8

Cuando era niño, nunca había pensado que Toronto tendría algún día espaciopuerto. Pero ya casi todas las ciudades lo tenían, al menos potencialmente. Los aviones espaciales podían despegar y aterrizar en cualquier pista que fuera lo bastante grande para un jet jumbo.

Los vuelos espaciales comerciales eran algo curioso desde un punto de vista jurisdiccional. El avión espacial al que estábamos a punto de subir despegaría de Toronto y volvería a aterrizar en Toronto; nunca visitaría ningún otro país, aunque volaría sobre un montón de ellos a una altura de más de 300 kilómetros. Con todo, como técnicamente era un vuelo doméstico, y como nuestro destino final, a bordo de un vehículo diferente, era la Luna, que no tenía gobierno ninguno, no necesitábamos pasaporte. Eso era conveniente, porque los habíamos dejado para nuestros… «sustitutos» me parecía una palabra adecuada.
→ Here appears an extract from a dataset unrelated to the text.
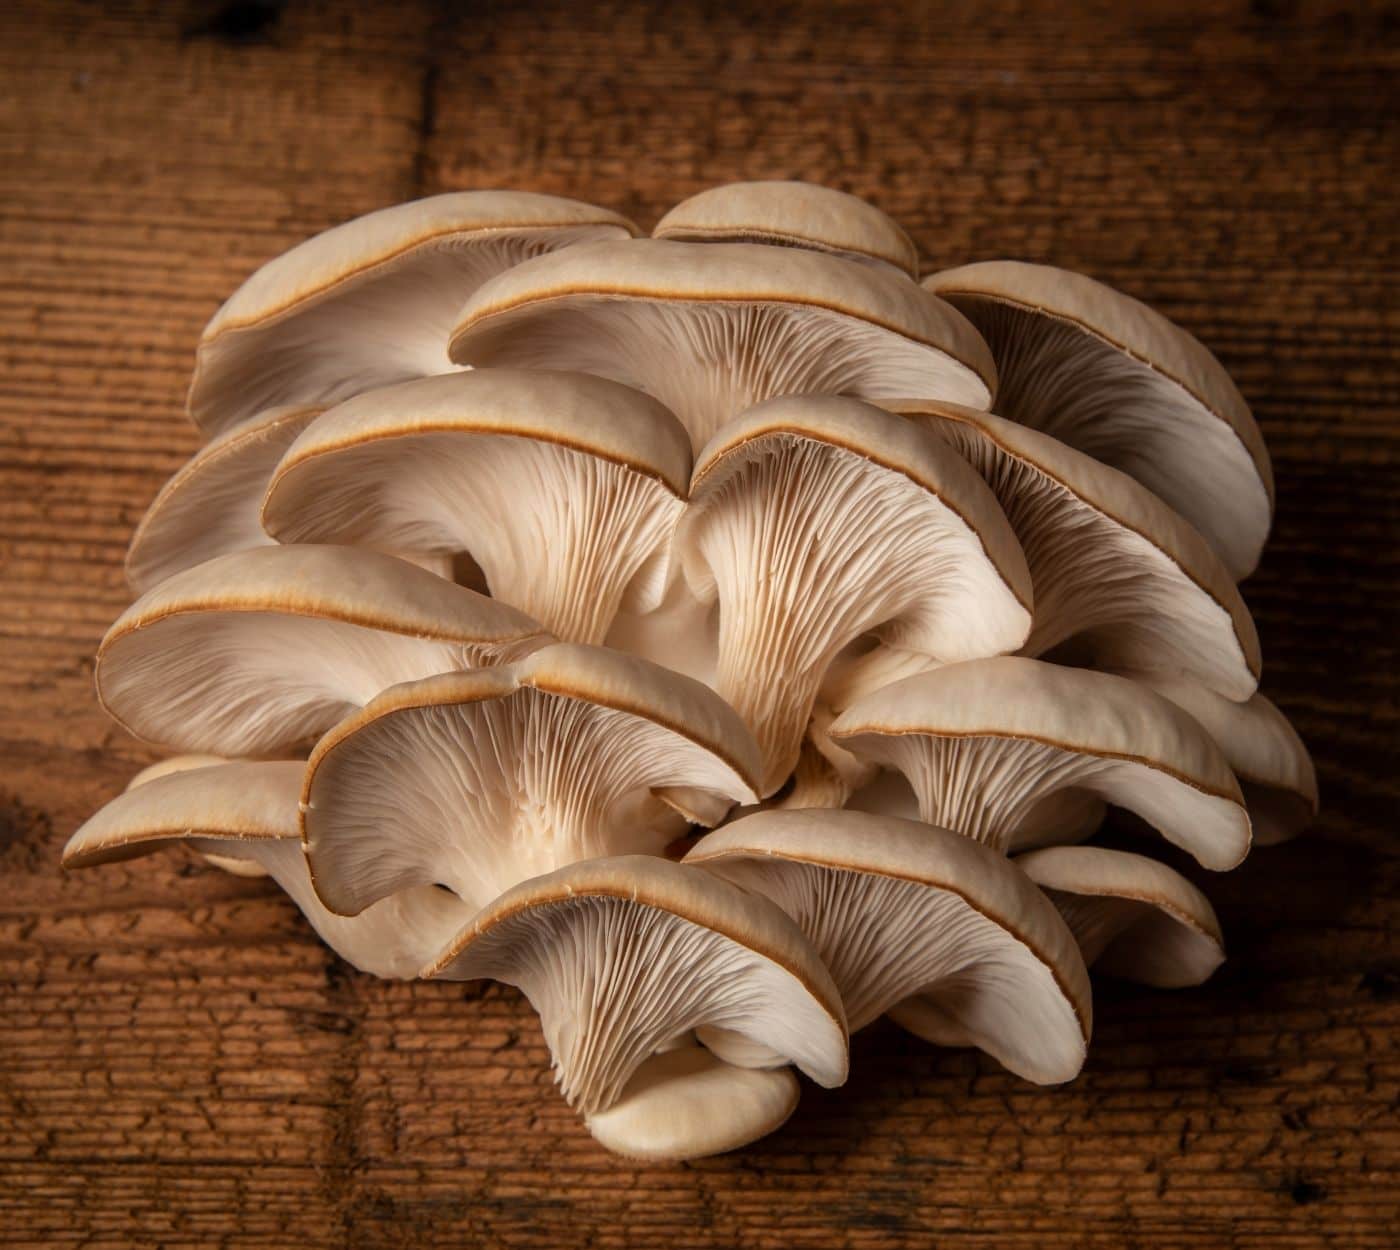 A cluster of oyster mushrooms on a wood table.
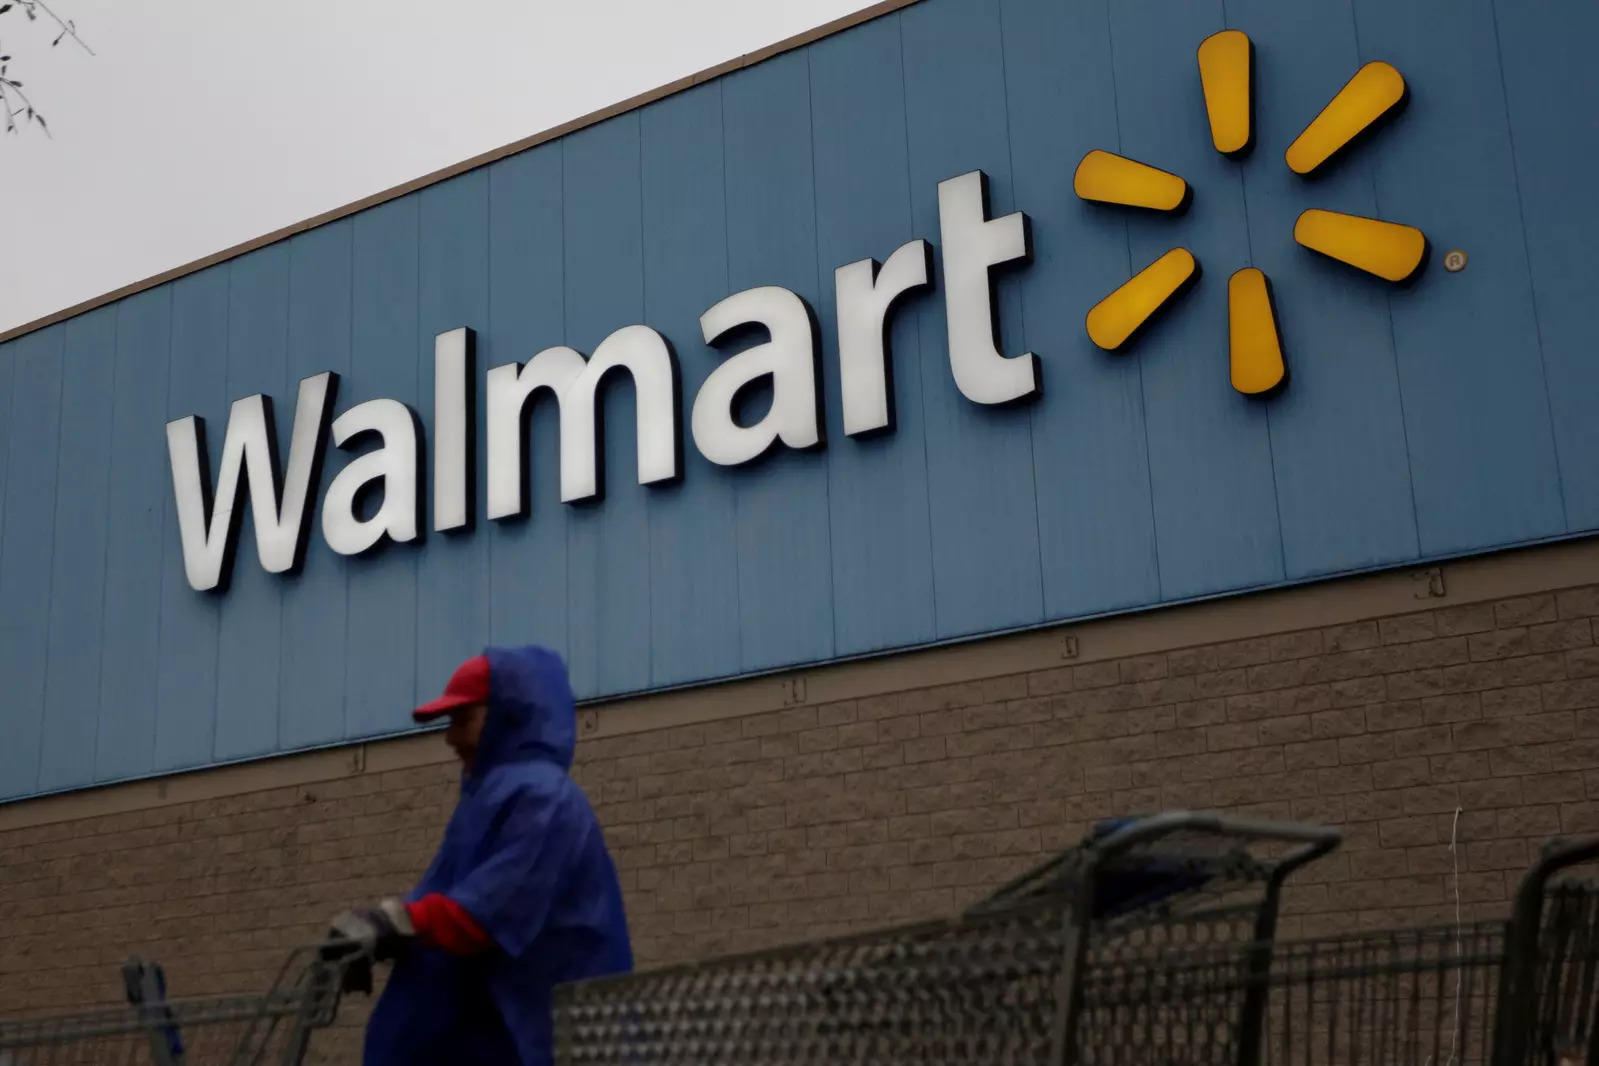 FILE PHOTO: Employee arranges shopping carts in front of the logo of Walmart outside a store in Monterrey

El finger estaba ya conectado cuando llegamos al vestíbulo de salida. Nuestro avión espacial era una gigantesca ala delta. Los motores iban montados sobre el ala, en vez de debajo: para protegerlos en la reentrada, supuse. La parte superior del casco estaba pintada de blanco y el vientre era negro. El logo de North American Airlines aparecía en varios lugares, y el aparato tenía un nombre grabado en letra cursiva cerca del vértice del triángulo: Icaro. Me pregunté a qué burócrata aficionado a la mitología se le había ocurrido.

Éramos diez las personas relacionadas con Inmortex que íbamos a volar aquel día, más otros dieciocho pasajeros que iban a la órbita por otros motivos (principalmente para hacer turismo, a juzgar por los fragmentos de conversación que oía). De los diez pasajeros de Inmortex, seis éramos pellejos descartados (un término que había captado al vuelo, aunque sospechaba que no tendría que haberlo hecho) y cuatro eran miembros del personal de reemplazo que iban a sustituir a otra gente que ya estaba en Alto Edén.

Subimos a bordo por filas numeradas, igual que en un avión cualquiera. Yo estaba en la fila ocho, asiento de ventanilla. El tipo que tenía al lado resultó ser uno de los miembros de reemplazo. Tenía unos treinta años y esa cara pecosa que suelen tener los pelirrojos, aunque no podía estar seguro de qué color era el suyo.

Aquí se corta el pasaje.